Так проходит несколько дней, в немом наблюдении: дети блуждают вокруг жгучей тайны, к которой их влечет бессознательно и тревожно.

Наконец через несколько дней одна из них замечает, как за столом гувернантка делает Отто знак глазами. Он отвечает кивком головы. Девочка дрожит от волнения. Под столом она тихонько касается руки старшей сестры и, когда та оборачивается, бросает ей сверкающий взгляд. Та мигом поняла ее жест, волнение сестры передается и ей. Едва они встали из-за стола, как гувернантка обращается к девочкам:

— Пойдите к себе и займитесь чем-нибудь. У меня болит голова, я хочу отдохнуть полчаса.

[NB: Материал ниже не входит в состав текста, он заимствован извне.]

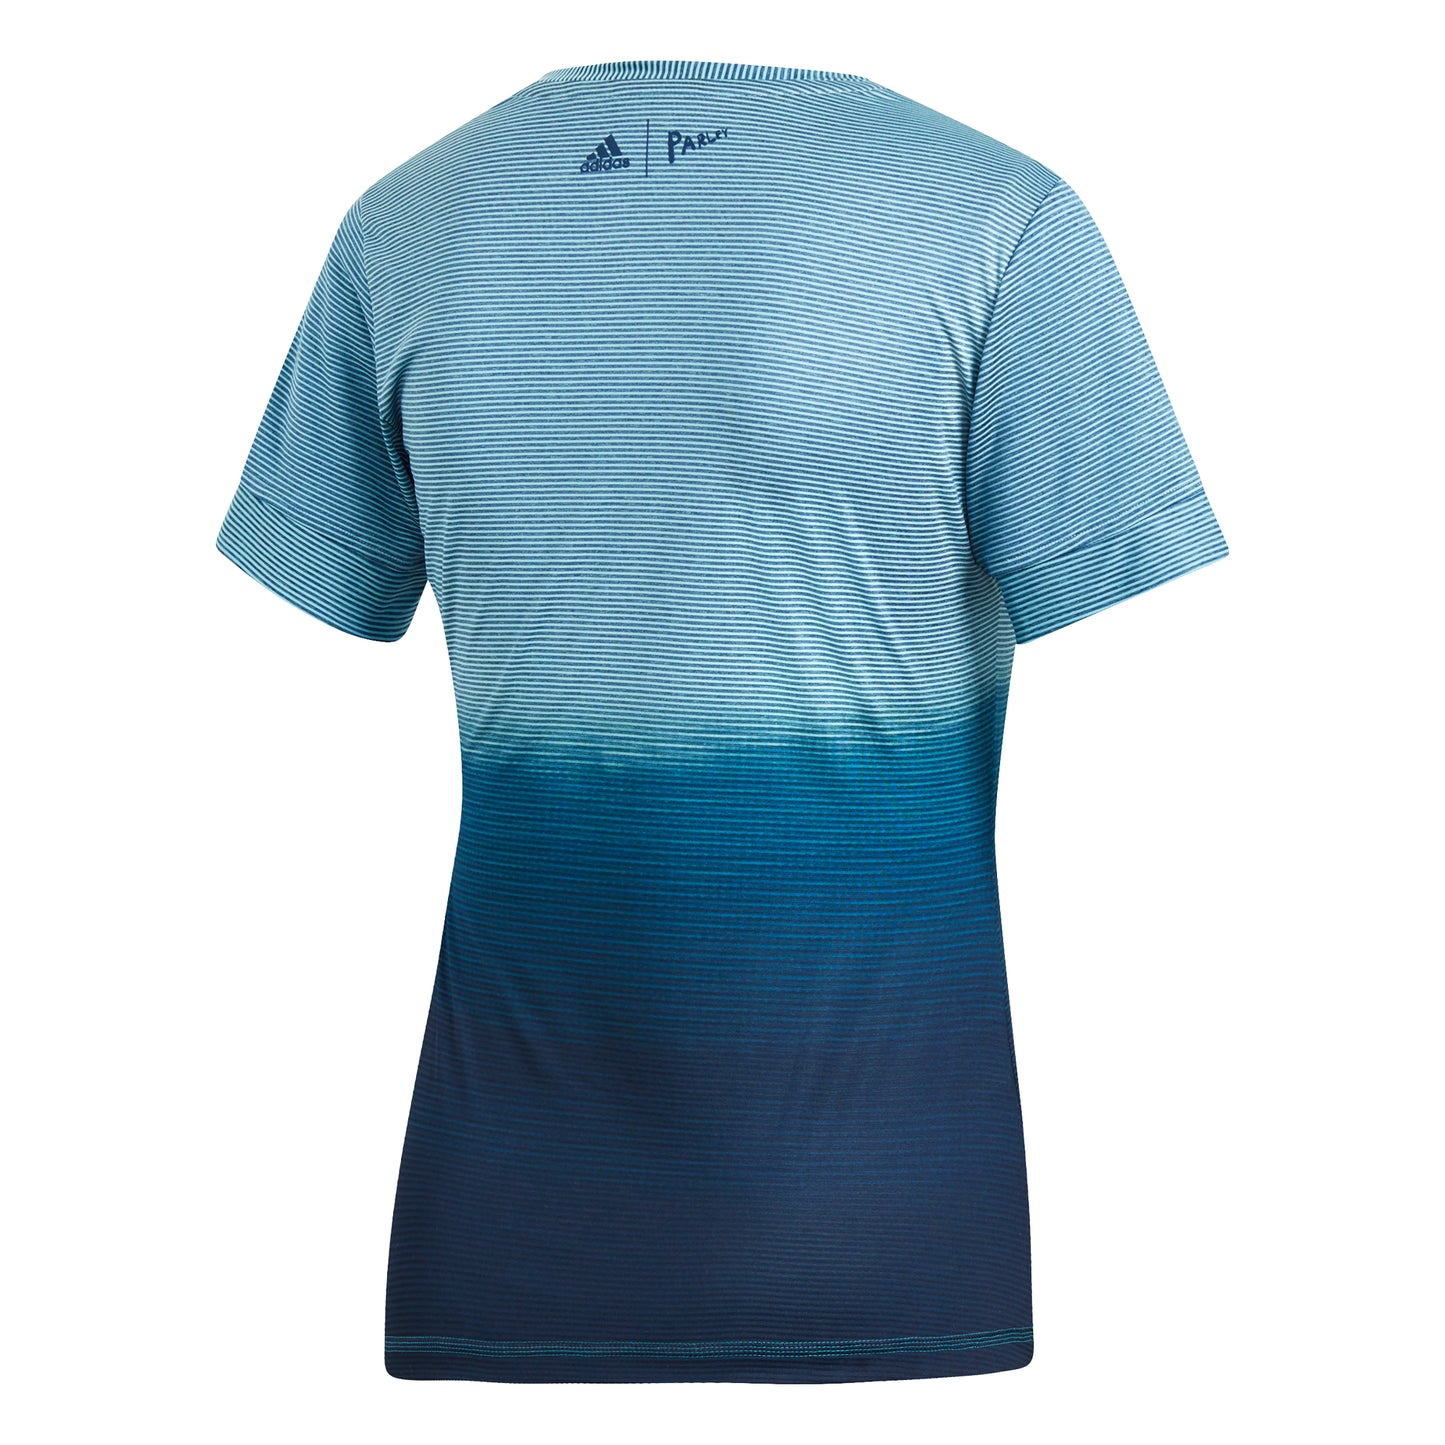 adidas Women's T-shirt - Parley Blue DT3964 - VuTennis

Дети опускают глаза. Насторожившись, они тихонько берутся за руки. Как только гувернантка ушла, маленькая обращается к сестре:

— Смотри, сейчас Отто пойдет к ней в комнату.

— Конечно. Потому-то она нас услала.

— Давай подслушивать у двери!

— А вдруг кто-нибудь придет?

— Кто может прийти?

— Мама.

Маленькая испугалась:

— Да, тогда…

— Знаешь что? Я буду подслушивать, а ты останешься в коридоре и подашь мне знак, если кто-нибудь придет. Так мы будем в безопасности.

Маленькая делает недовольное лицо:

— Но ты мне ничего не расскажешь!

— Все!

— Точно все?.. Решительно все?

— Да, даю тебе слово. А ты кашлянешь, как только услышишь чьи-нибудь шаги.

Обе ждут в коридоре, дрожа и волнуясь. Сердце сильно колотится. Что-то будет? Они тесно прижимаются друг к другу.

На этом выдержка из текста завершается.